Western Storm
- Coach: Trevor Griffin
- Captain: Heather Knight
- Overseas player: Holly Huddleston Rachel Priest Stafanie Taylor
- WCSL: Champions
- Most runs: Rachel Priest (261)
- Most wickets: Stafanie Taylor (9)
- Most catches: Heather Knight (3) Georgia Hennessy (3) Fran Wilson (3)
- Most wicket-keeping dismissals: Rachel Priest (8)

= 2017 Western Storm season =

English cricket season

The 2017 season was Western Storm's second season, in which they competed in the Women's Cricket Super League, a Twenty20 competition. The side finished third in the initial group stage, therefore progressing to the semi-final, where they beat Surrey Stars by three wickets. In the final, they faced Southern Vipers in a repeat of the previous season's final. This time, however, Western Storm were victorious by seven wickets to claim their first title.
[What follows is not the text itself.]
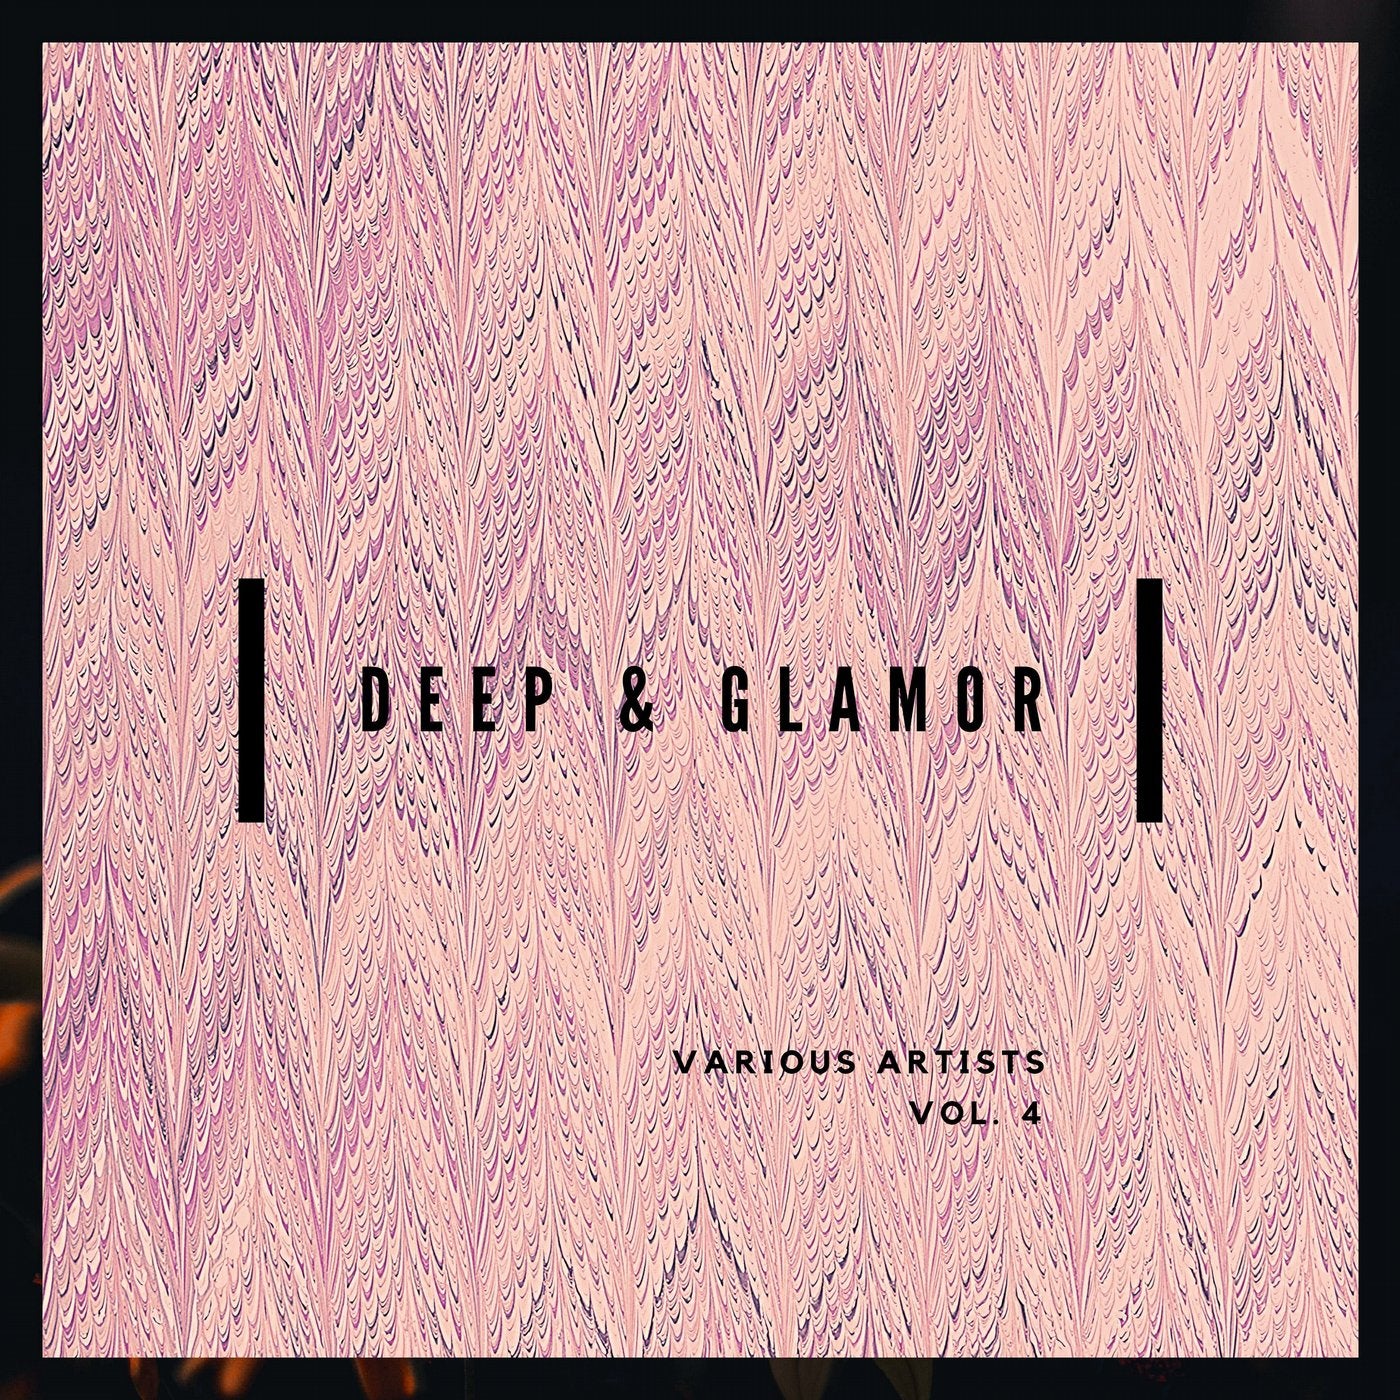 Deep & Glamor, Vol. 4

The side was captained by Heather Knight and coached by the newly appointed Trevor Griffin. They played one of their home matches at the County Ground, Taunton and their other home match at the County Ground, Bristol.

==Squad==
Western Storm's 15-player squad for the season is listed below. Age given is at the start of Western Storm's first match of the season (10 August 2017).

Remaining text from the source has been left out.